**Task goal:**
Only the lines from the one containing "NCS_Al-Jazeera-Newsroom-Studio-5_0009" through the end of the material should be printed, exactly as they appear. Leave out pictures.

**Recorded information:**
▽
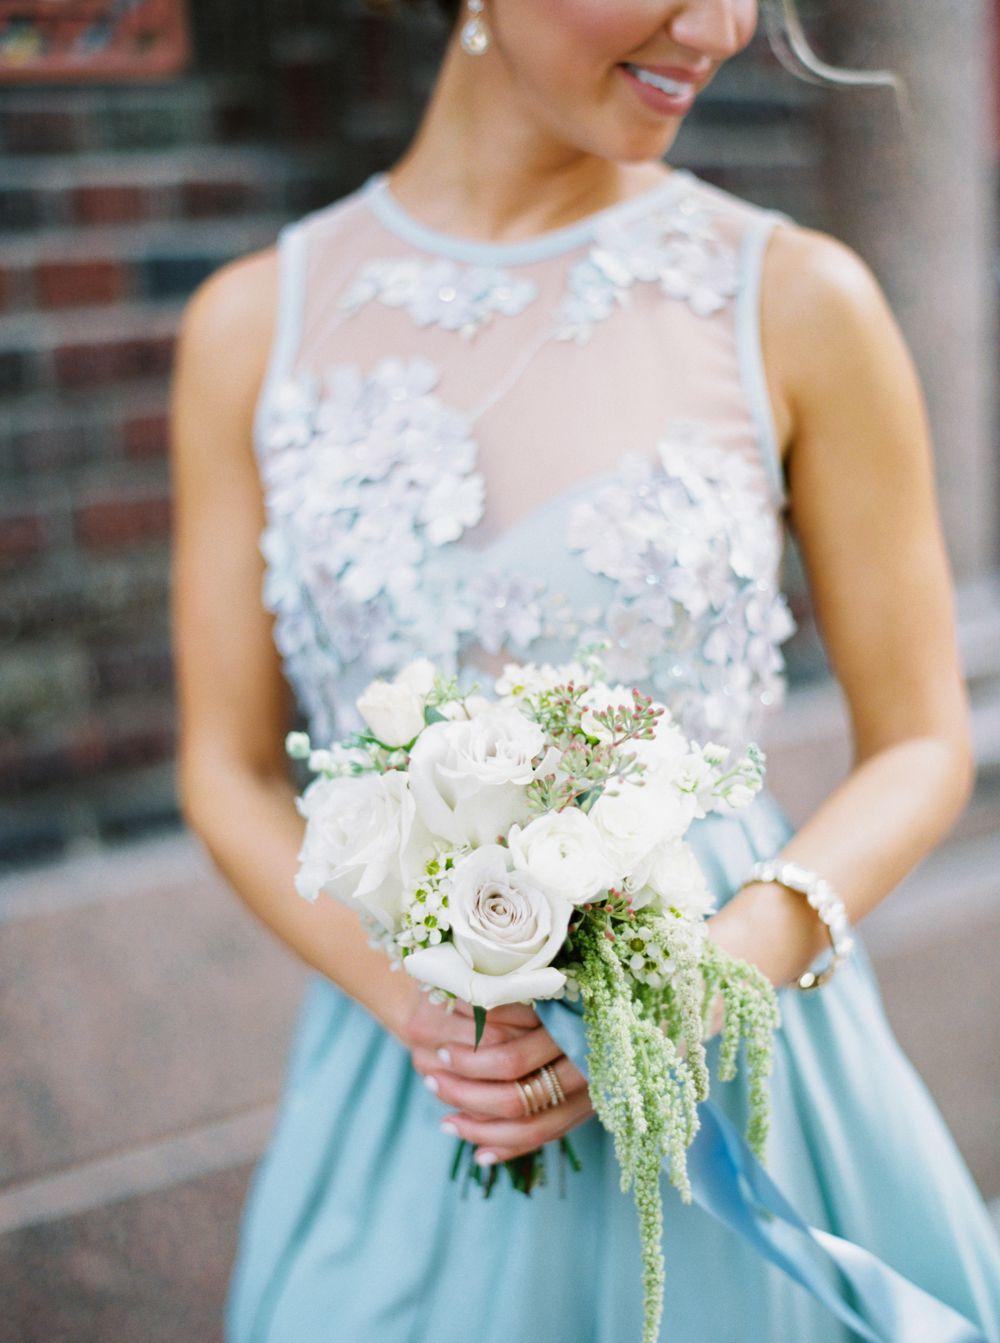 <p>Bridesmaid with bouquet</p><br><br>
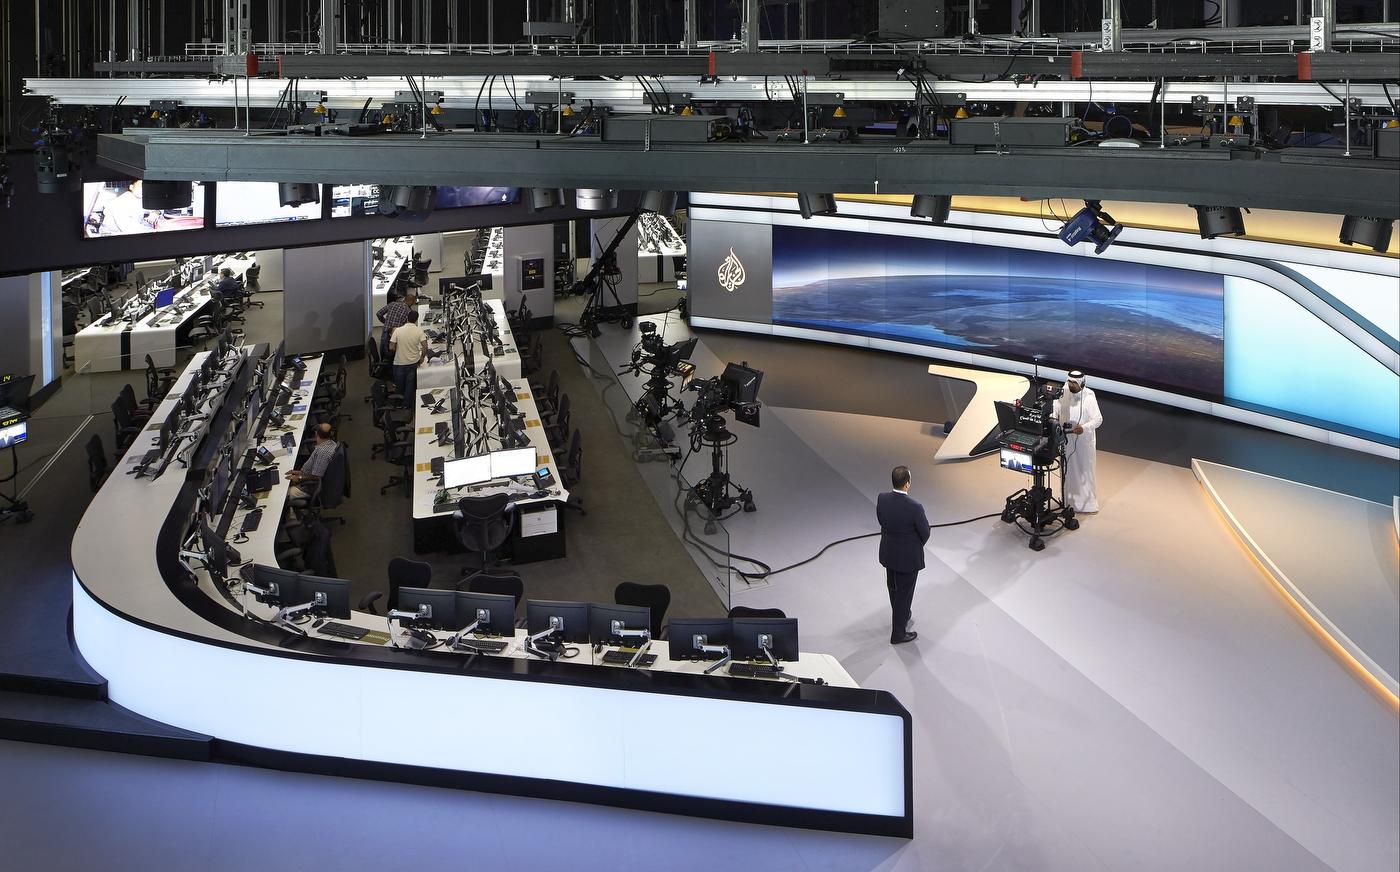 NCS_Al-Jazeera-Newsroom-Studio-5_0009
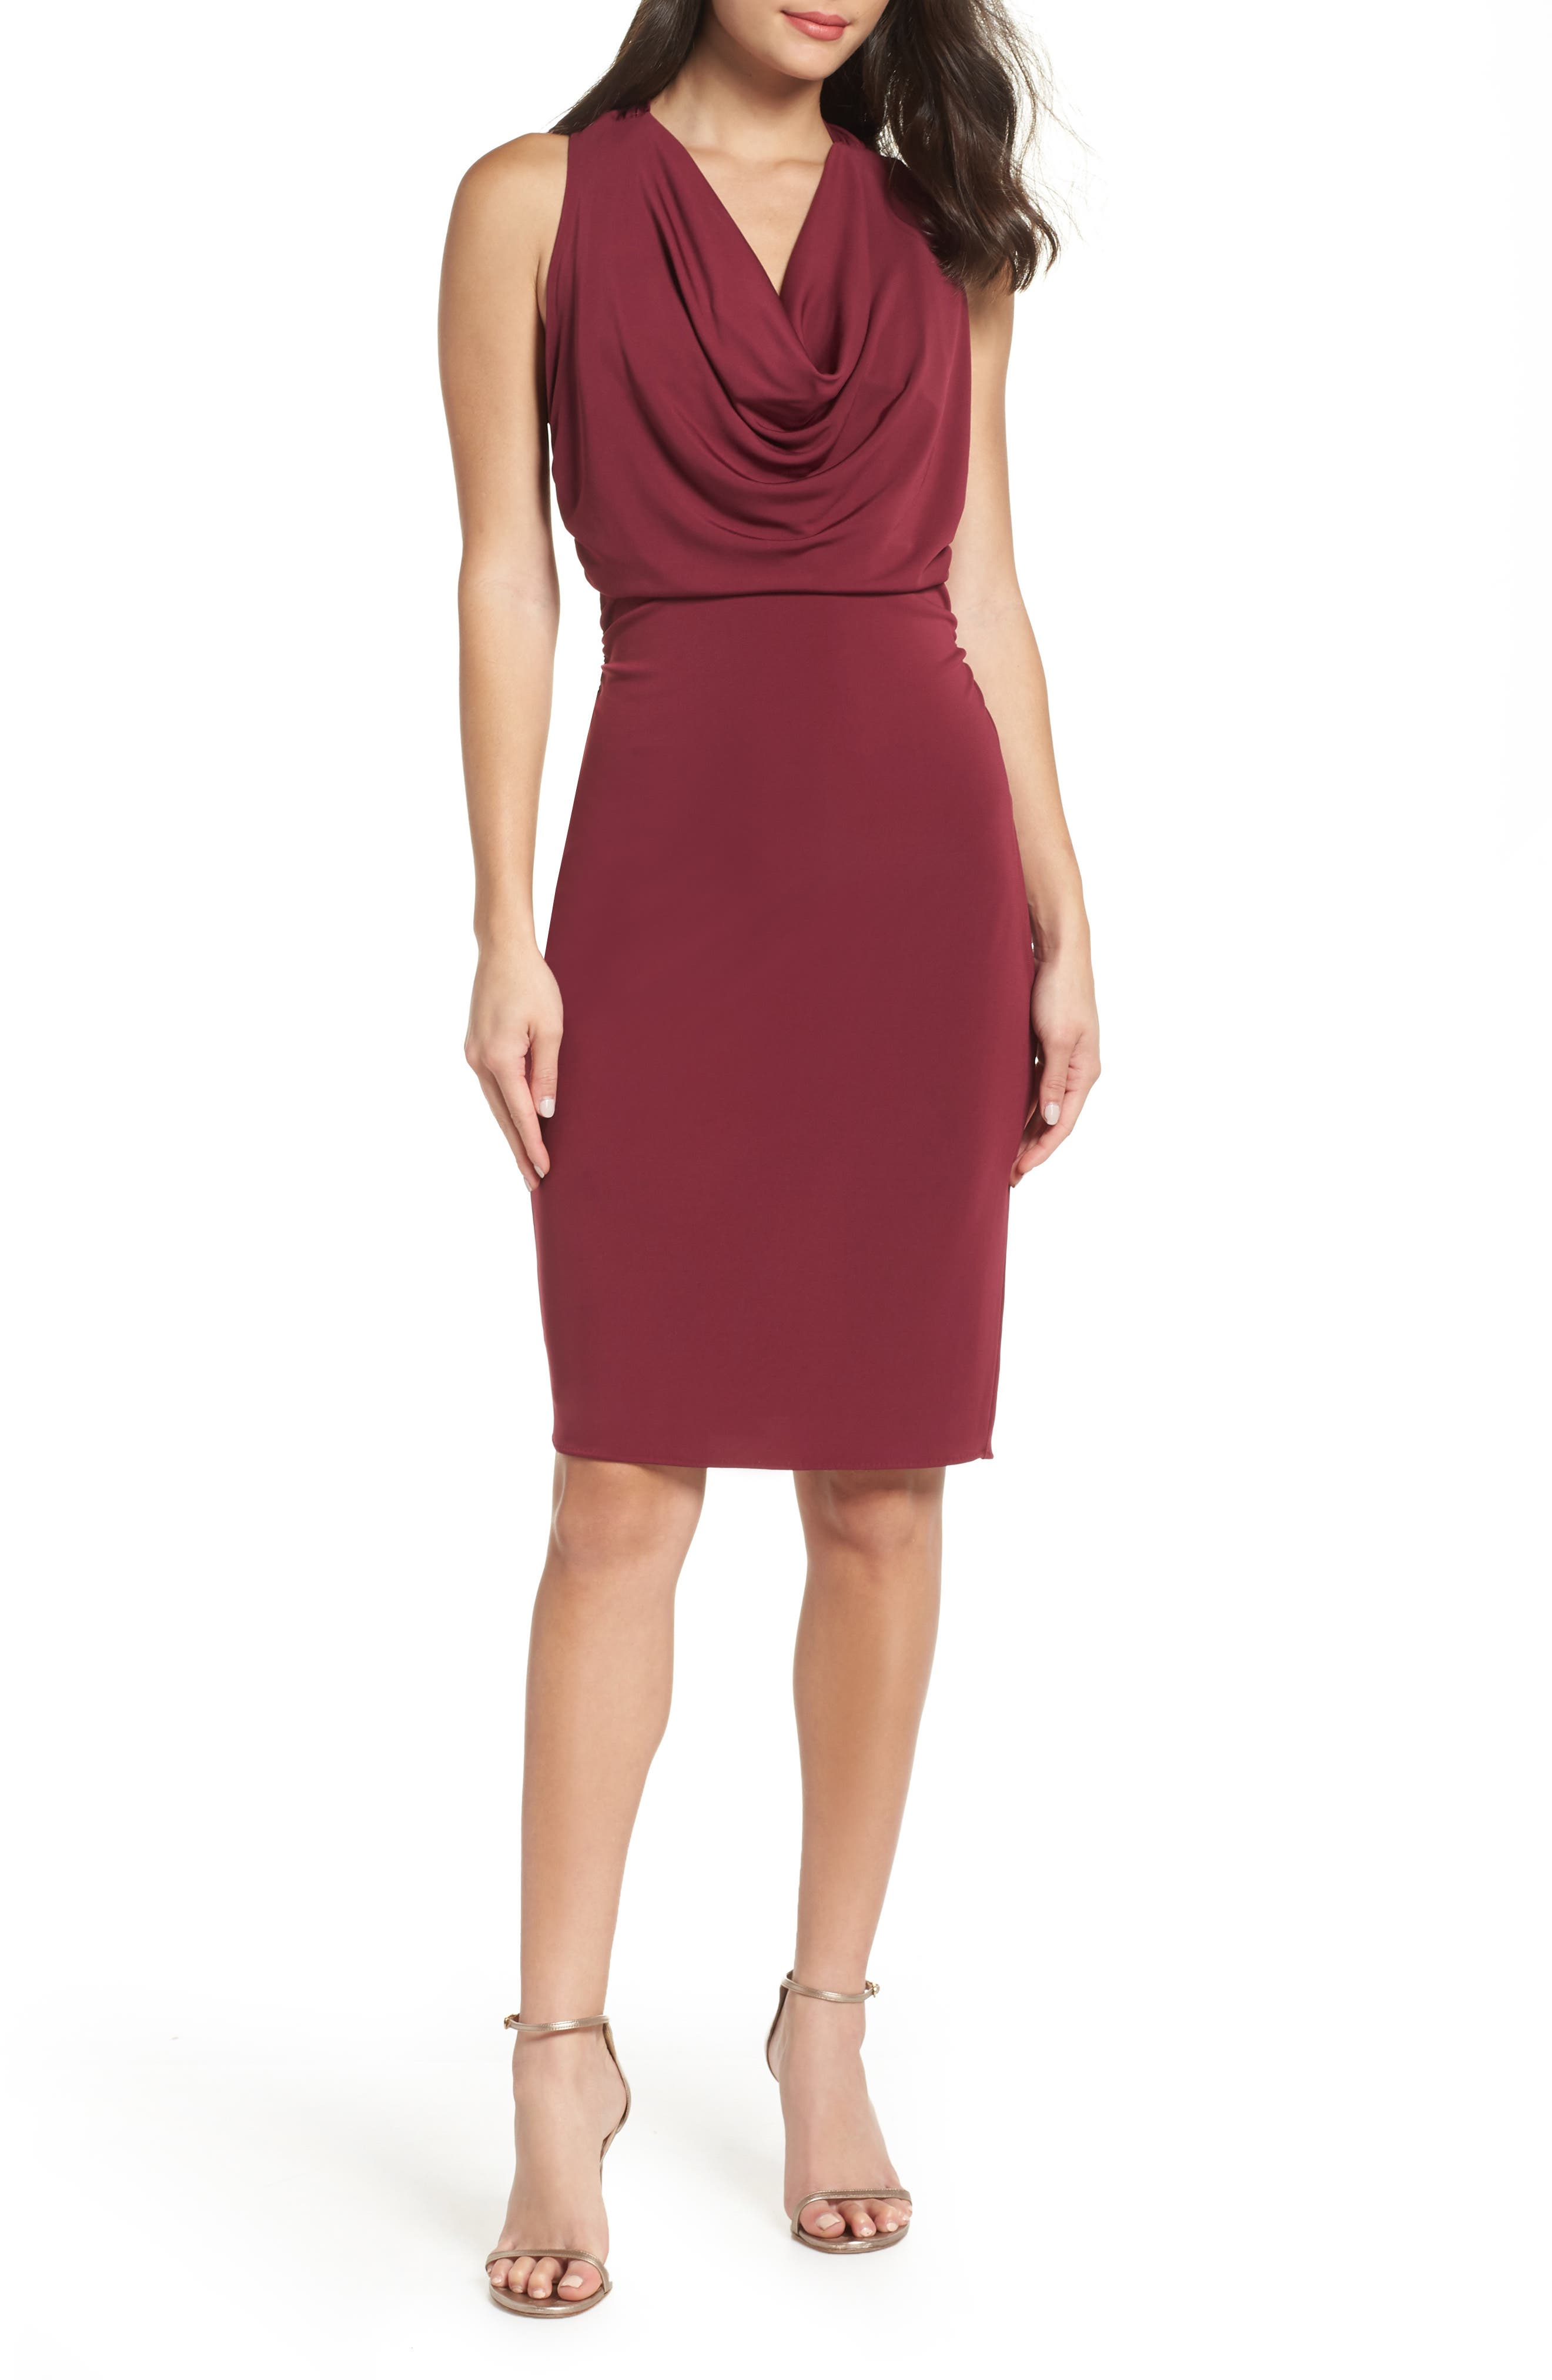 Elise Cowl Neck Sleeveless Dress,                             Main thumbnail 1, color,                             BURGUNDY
△
**Task response:**
 NCS_Al-Jazeera-Newsroom-Studio-5_0009
 Elise Cowl Neck Sleeveless Dress,                             Main thumbnail 1, color,                             BURGUNDY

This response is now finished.